His patron there was one of India’s most helpful friend of litterateurs but one whose contribution has largely been forgotten- Maharaja Sir Kishen Pershad (1864-1940), twice prime minister of Hyderabad State (1901-1912; 1926-1937), extolled as Yamin us-Sultanat (right hand of the realm) and a poet himself. Fani was offered a judge’s position but declined as it would have meant leaving the city and instead took a job as a school headmaster. He was not temperamentally inclined to courtly life, and late nights at the court of the Nizam’s son Moazzam Jah took a toll on him, affecting his job from which he was eventually removed.

Dying barely a year after his benefactor, Fani summed up the last phase of his life in bitter terms – in a ghazal beginning “Shauq se nakaami ki badaulat, kuchae dil hi chooth gaya/Saari umeeden toot gayein, dil baith gaya, ji chooth gaya” and ending “Fani ham to jeete ji voh maiyyat hai be-gor-o-kafan/Ghurbat jis ko raas na aayi, aur vatan bhi chooth gaya”.

As per his poetry at least, he didn’t set much store from life or existence. One of his celebrated ghazals begins: “Duniya meri bala jaane, mehengi hain ya sasti hain/Muft mile to maut na loon, Hasti ki kya hasti hain”.

‘Hasti’, or say, a consciousness of existence, was a motif, like some contemporaries, but his treatment was different. While Syed Ali Mohammad ‘Shad Azimabadi’ said: “Suni hikayat-e-hasti to darmiyan se suni/Na ibtida ki khabar hai na inteha maloom”, and Asghar Hussain ‘Asghar Gondvi’: “Sunta hoon bade ghaur se afsaana-e-hasti/Kuch khvab hai kuch asal kuch andaz-e-bayan hai”, Fani went: “Na ibtida ki khabar hai nan inteha maaloom/Raha yeh vahm ke ham hain so voh bhi kya maloom”.
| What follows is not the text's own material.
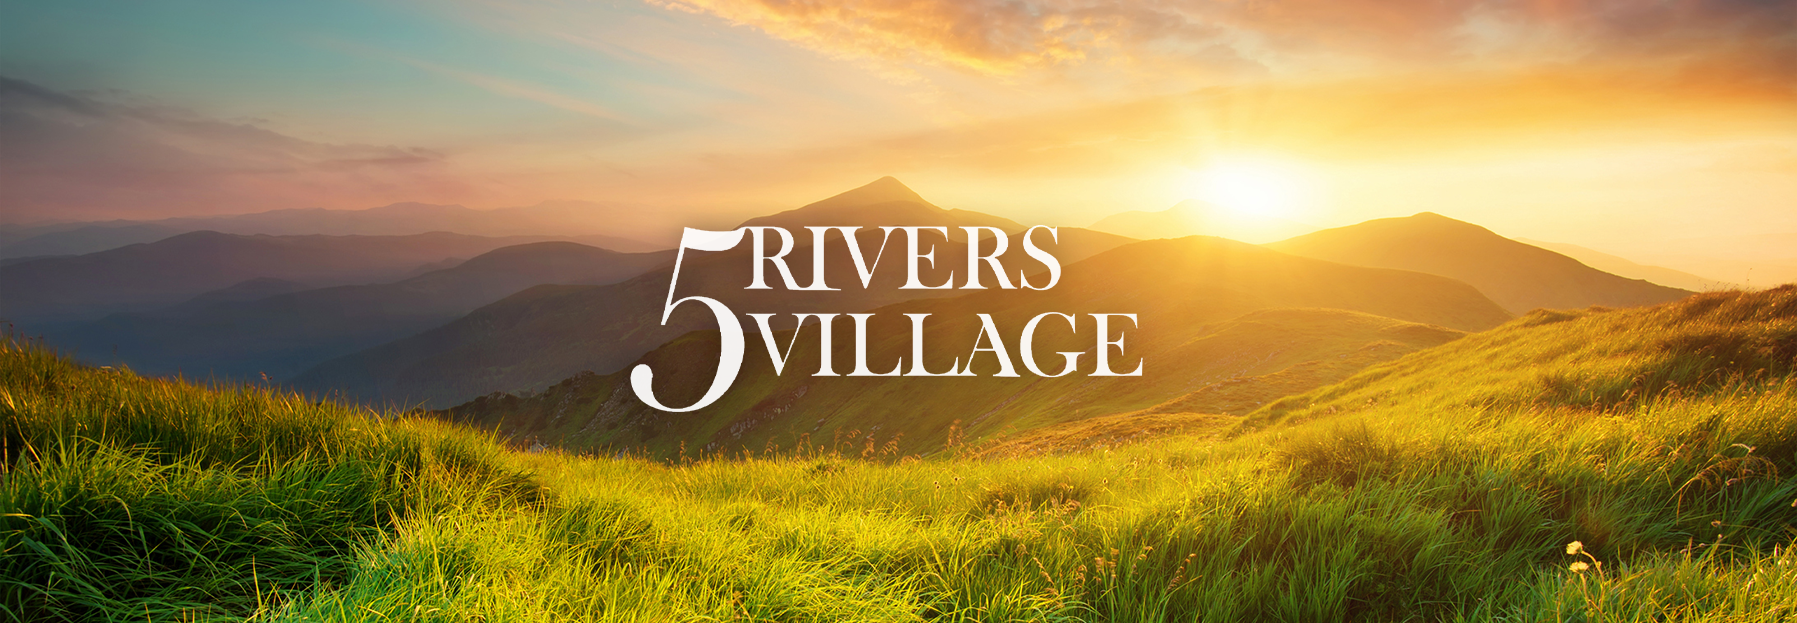 Rivers Village 3

His poetry, collected in two modest-sized volumes “Baqiyat-e-Fani” and “Irfaniyat-e-Fani”, could be quite trenchantly bleak: “Fani davay-e-dard-e-jigar zahhar to nahi/Kyun haath kaanpta hai mere charah-saaz ka” or “Dam bhi Fani kisi ke gham tak hai/Dam na hoga agar yeh gham na hoga”, or “Hashr ka din bhi dhal gaya Fani/Dil ki rudaad mukhtsar na hui”. Even love received short shrift: “Aap ne anjaam dekha ishq ka/Aapne Fani ki turbat dekh li” or “Dil hi nahi hai jis mein na ho dard ishq ka/Voh dard hi nahi hai jo har dam siva na ho”.

Despite his gloom, Fani is most readable, for he does not take himself too seriously. One ghazal ends: “Yaad hai Fani tujhe koi kahani aur bhi/Khatam kar afsana gham, dil pareshan ho gaya”.

It could be his own exit cue too!

(06.12.2015 – Vikas Datta is an Associate Editor at IANS. The views expressed are personal. He can be contacted at vikas.d@ians.in)

Defeating crime, invasions and dinosaurs – the most powerful politician (Column: Bookends XCIV)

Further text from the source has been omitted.